Seven years and more on from the landslide election victory that brought the Blair government into power, much of the initial enthusiasm for a centralist approach to ‘big’ government has waned. But the commitment to promoting social justice remains. What has changed is that there appears to be a more sophisticated recognition of the complexity, pervasiveness and durability of the social problems that have to be confronted. At the same time, there is greater awareness of the need to learn the lessons from past attempts to promote social change. With the benefit of hindsight, many of New Labour’s first flurry of social policy initiatives now look naive and over- optimistic. The enthusiasm for evidence-based policy-making, for example, quickly gave way to a desperate scrabble for quick wins to substantiate the ‘can-do’ rhetoric of the government as it became increasingly clear that the scientific basis for effective interventions to reduce long-standing problems such as health inequalities was remarkably weak. In these circumstances, it would be easy to dismiss the first generation of policy initiatives and to move on, but that would be a mistake and a waste. There is much of value to learn from the early attempts by New Labour to deliver on its election promises. This book seeks to contribute to that process.

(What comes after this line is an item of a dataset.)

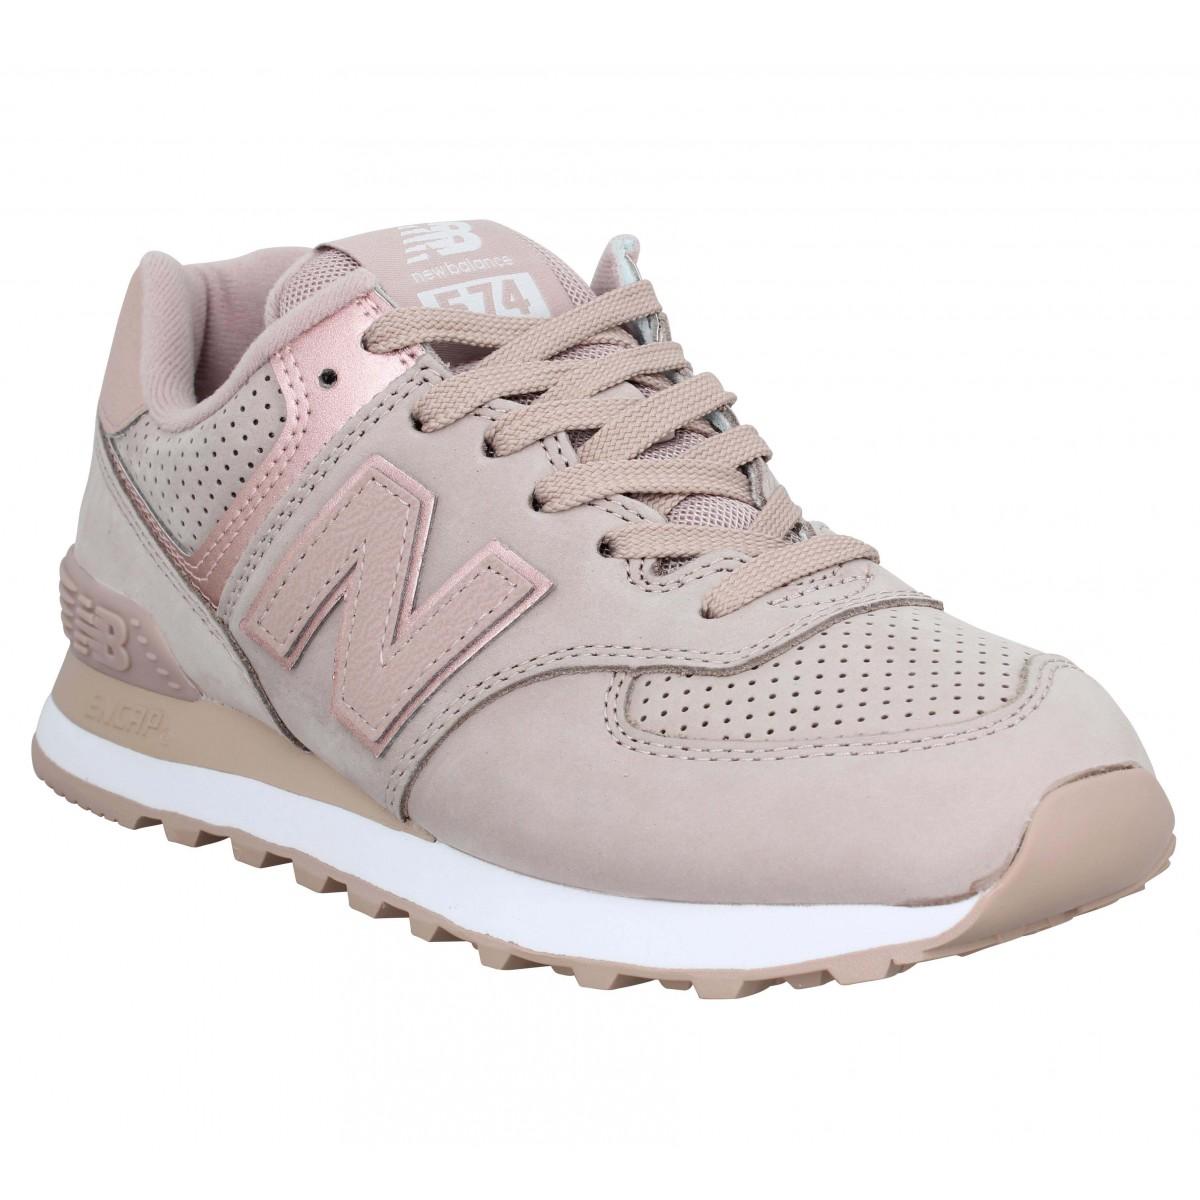 2530b7712257 Ligne New Pour Balance Femme En Vente Chaussures rYZqr

One strand of New Labour’s initial strategy involved a focus on area- based initiatives (ABIs) to reduce the effects of persistent disadvantage in neighbourhoods blighted by generations of poverty and neglect. Health Action Zones were the first example of this type of intervention, and their focus on community-based initiatives to tackle the wider social determinants of health inequalities excited great interest both nationally and internationally. Like so many other initiatives, HAZs were established in relative haste as high-profile pathfinders that were intended to modernise health care and reduce health inequalities in the most disadvantaged parts of England. One consequence is that they quickly lost their relatively high profile as the policy agenda filled with an ever-expanding list of new initiatives to transform public services and promote social justice. By the beginning of 2003, after most of them had been active for half or less of their intended seven- year lives, they were to all intents and purposes wound up. Nevertheless, the main purposes for which they were established remain important.
So what can be learnt from the experience of Health Action Zones? This book draws on a wealth of findings from the national evaluation of the initiative. It provides a context for and an overview of the HAZ experience, and it explores why many of the great expectations associated with HAZs at their launch failed to materialise. Among the questions it addresses are:
  • is there a useful tale to be told about policy failure?
  • or is there perhaps a story of progress in the face of adversity?
The answer turns out to be a bit of both. Throughout the book evidence is provided that adds up to the conclusion that HAZs made a good start in difficult circumstances rather than that they failed.
In telling some of the many stories that have to be told to make any sense of the HAZ experience, there are important lessons to be learned about the design, implementation and evaluation of complex community-based initiatives that seek to tackle social problems such as health inequalities. But before our collective impressions of the nature of the HAZ journey and its implications begins, it is important to provide some contextual material about the most important of the issues that they were established to address. To understand both the limitations and the potential of the HAZ initiative, it is essential to have some appreciation of the nature of the problem of health inequalities, the latest scientific evidence about their causes, and the possible role of local action in any strategy to reduce them.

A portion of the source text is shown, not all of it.